Architecture

Push notification fan-out at scale

Two-tier fan-out from a viral event to a ULID-keyed inbox to effectively-once APNs/FCM delivery, built entirely on AWS-managed services.

01

Event ingestion

flowchart LR User([App user action]) --> API[Event API] API --> Kinesis[(Kinesis Data Streams\npartition by source user)]

Author actions (post, like, comment) land on a durable ordered log. Kinesis is partitioned by source user ID so each originator's events stay in order and load spreads by author.

02

Two-tier fan-out tier

flowchart LR User([App user action]) --> API[Event API] API --> Kinesis[(Kinesis Data Streams\npartition by source user)] Kinesis --> Worker[Fan-out Lambda] Worker --> Redis[(ElastiCache\nhot follower lists)] Worker --> Followers[(DynamoDB\nfull follower lists)] Worker -->|over 10k followers| Pointer[Celebrity event pointer] Worker -->|under 10k followers| FanWrite[Write to follower inboxes]

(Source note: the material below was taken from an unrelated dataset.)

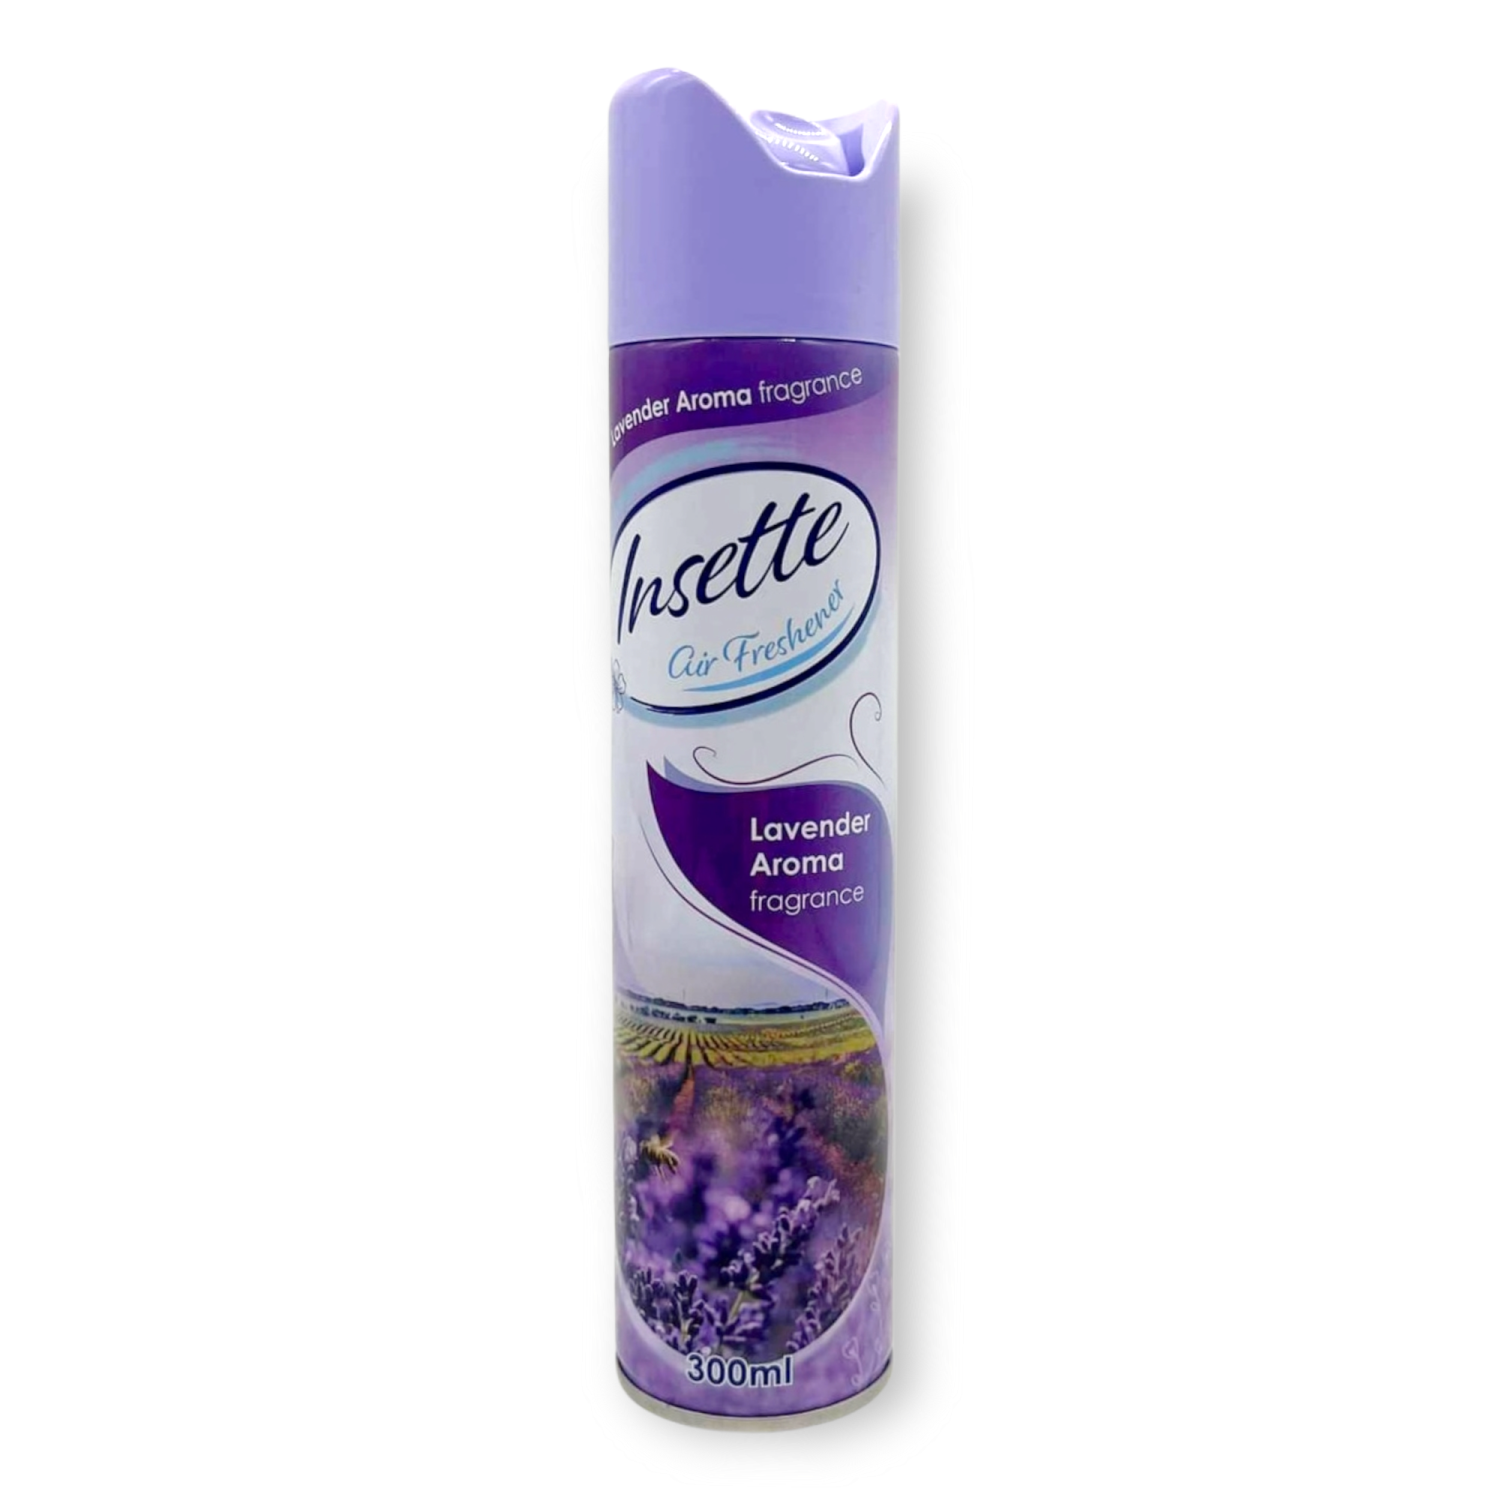 Insette Air Freshener Lavender Aroma 300ml

Lambda workers triggered by Kinesis read the follower list. Regular accounts fan out on write to follower inboxes; accounts over 10k followers store one celebrity-event pointer for read-time merge.

03

ULID-keyed notification inbox

flowchart LR Kinesis[(Kinesis Data Streams)] --> Worker[Fan-out Lambda] Worker --> Redis[(ElastiCache\nfollower lists)] Worker --> Inbox[(DynamoDB inbox\ntenant-user PK plus ULID SK)] Inbox --> GSI[(GSI tenant-user and read_status\nunread count)] Inbox --> Global[(Global Tables\ncross-region)]

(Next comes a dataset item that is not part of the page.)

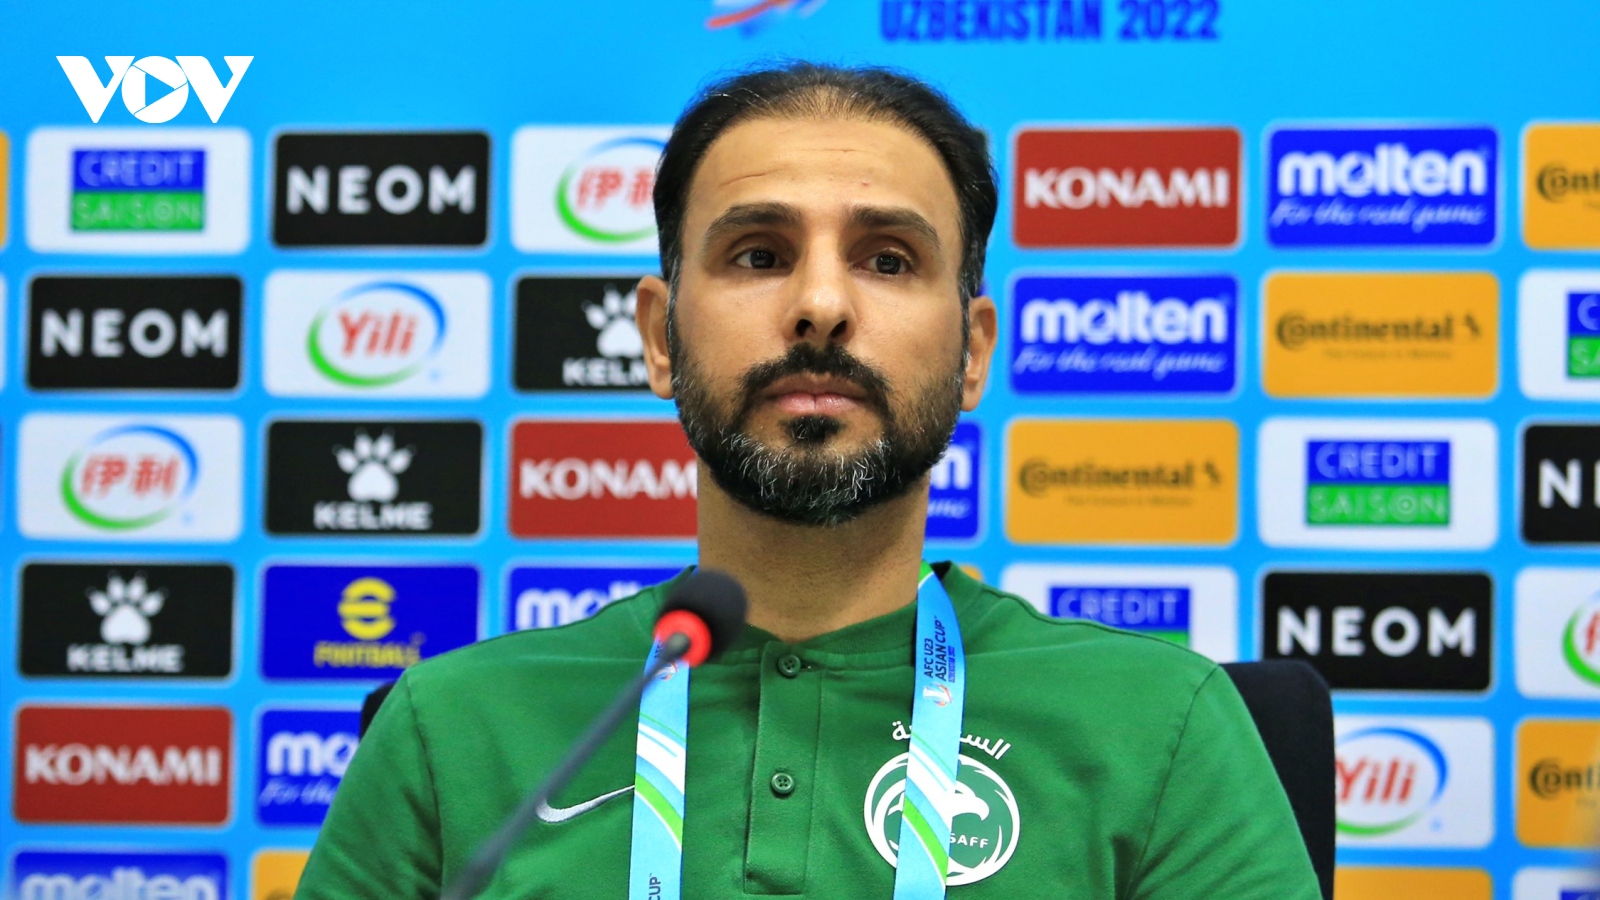 Huấn luyện viên của U23 Saudi Arabia phát biểu sốc về U23 Việt Nam

Fan-out writes notification records into a DynamoDB inbox keyed by tenant_id#user_id plus a ULID sort key. Time-ordered keys give newest-first reads, cursor pagination, a 90-day TTL, and an unread-count GSI. The GSI doubles write cost and Global Tables replicate cross-region.

04

Delivery queues and channel workers

flowchart TD Worker[Fan-out Lambda] --> Inbox[(DynamoDB inbox\nULID SK)] Worker --> Push[SQS Standard mobile-push] Worker --> Email[SQS Standard email] Worker --> InApp[SQS Standard in-app] Worker --> SMS[SQS Standard sms] Push --> PushW[Push consumer Lambda] Email --> EmailW[Email consumer Lambda] Push --> DLQ[(Dead-letter queue\n3 retries)]

After writing the inbox row the worker enqueues a delivery job (with a tenant_id attribute) onto a per-channel SQS Standard queue. Channel-specific consumer Lambdas drain each queue at a controlled rate, with a dead-letter queue after three retries.

05

Full system - delivery, dedup, preferences, audit

flowchart TD User([App user action]) --> API[Event API] subgraph Ingest[Ingest] API --> Kinesis[(Kinesis Data Streams)] end subgraph Fanout[Fan-out tier] Kinesis --> Worker[Fan-out Lambda] Worker --> Redis[(ElastiCache\nfollower lists)] end subgraph Data[Data tier] Worker --> Inbox[(DynamoDB inbox\nULID SK)] Prefs[(DynamoDB preferences\nplus timezone)] end subgraph Delivery[Delivery tier] Worker --> Push[SQS Standard mobile-push] Worker --> EmailQ[SQS Standard email] Push --> PushW[Push consumer Lambda] EmailQ --> EmailW[Email consumer Lambda] PushW --> Dedup[(MemoryDB dedup\nSET NX 30-day TTL)] PushW --> Pinpoint[Consent plus Pinpoint quiet hours] Pinpoint --> SNS[SNS mobile push] SNS --> APNs([APNs and FCM]) EmailW --> SES[Amazon SES] Push --> DLQ[(Dead-letter queue)] end Prefs --> DDBStream[(DynamoDB Streams)] DDBStream --> Pipe[EventBridge Pipe] Pipe --> Invalidate[Cache invalidation Lambda] Invalidate --> PrefCache[(ElastiCache pref cache)] Prefs --> PrefCache PrefCache --> PushW PushW --> Audit[(Firehose to S3\nObject Lock audit)]

The complete picture: effectively-once dedup via MemoryDB SET NX (fail-closed), consent and quiet-hours checks before Pinpoint, transport via SNS mobile push to APNs/FCM and SES for email, preference cache invalidated by DynamoDB Streams plus an EventBridge Pipe, and a Firehose to S3 Object Lock audit trail.